В Ташкенте научные сотрудники только что созданного Института языка и литературы были обескуражены: столько песен о Ленине, а они их в оригинале видеть не видывали. И летом 1933 года была отправлена на место фольклорная экспедиция – записать эти песни на узбекском и таджикском языках. Сначала об этом узнал я: от Миши Лоскутова. (Это был талантливый писатель, выпустивший две книги о Средней Азии: «Тринадцатый караван» и «Рассказы о дорогах». Лоскутов только что вернулся из Каракумского пробега, где испытывались первые автомобили советских марок, и мимоходом сообщил мне эту новость.) Решил обрадовать Леню. Услыхав про это, Леня аж подскочил, несколько раз переспрашивал, что за человек Лоскутов, можно ли верить ему, вдруг начал хохотать.
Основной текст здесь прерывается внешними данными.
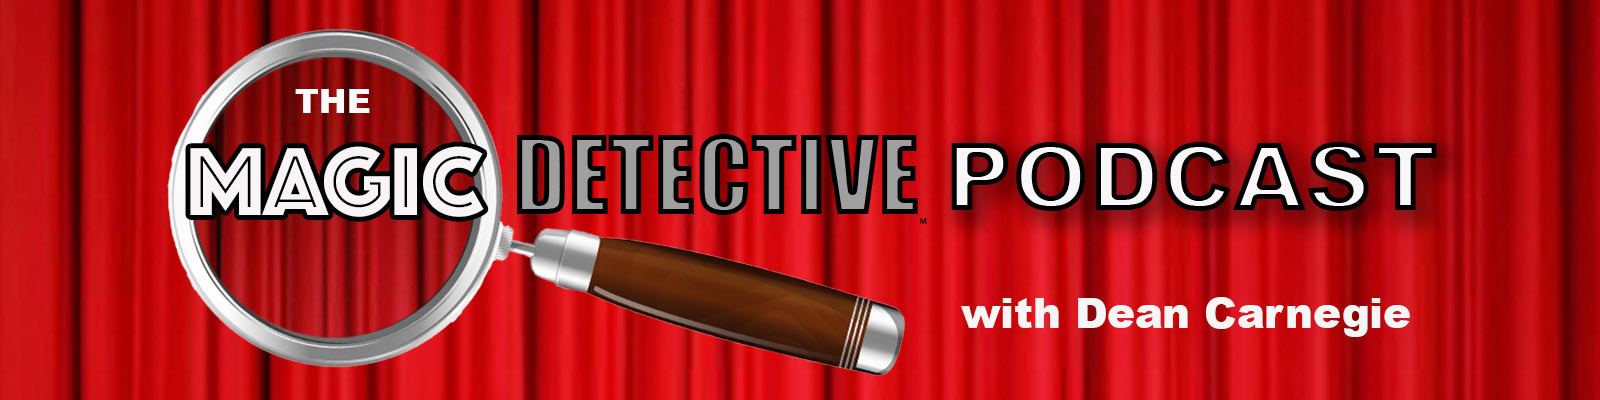 The Magic Detective Podcast

И так же внезапно умолк, помрачнел и в конце концов мне все рассказал.
И потянулись для Лени недели ожиданий, тревог… Леня то предавался мрачным видениям, что подделка обнаружится, он будет опозорен, и придется покинуть Москву. «Боюсь, Витя, как бы мне не пришлось бить в барабан отъезда!» То закрывал тревогу смешными рассказами…
Ответ от Тани Емельяновой пришел через месяц. Она писала, что экспедиция задержалась, лишь теперь возвратилась и что, по наведенным справкам, съездила успешно: все песни, за исключением одной, найдены и записаны. Мы с Леней смотрели друг на друга, выпучив глаза. Потом Леня начал хохотать, задыхаясь от смеха и заливаясь слезами. Я поглядел-поглядел на него, все понял и тоже начал смеяться[202].
Вполне возможно, что Виткович несколько приукрасил эту историю, однако никаких оснований не доверять мемуаристу у нас нет[203]. Зато у нас есть все основания не доверять Соловьеву-фольклористу. А это значит, что в каком-то (конечно, очень приблизительном и необязательном) смысле высокая традиция скорбных элегий, связавшая Бродского, Вертова, Одена и шесть нобелевских лауреатов, началась с циничной и очень рискованной мистификации отважного молодого авантюриста.
В этом есть поэтическая справедливость (poetic justice): слишком уж серьезна и высокопарна и сама эта традиция скорбящих друг о друге великих поэтов, и иерархия Бродского: «поэт орудие языка, язык выше времени, время выше пространства». В поступке Соловьева совсем другая поэзия: сиюминутная и анонимная, без претензии и надежды на вечность – зато веселая и страшная. И Льву Владимировичу это второе понимание (или, скорее, переживание) поэзии вполне могло бы понравиться. В отличие от Бродского, он редко формулировал свои принципы и ценности. Но однажды, в раннем эссе (впервые публикуется в этом сборнике, с. 11), рассуждая об опыте честного взгляда на себя во время болезни, кажется, проговаривается: «это авантюра, требующая значительного мужества, что, по-моему, самое привлекательное в жизни».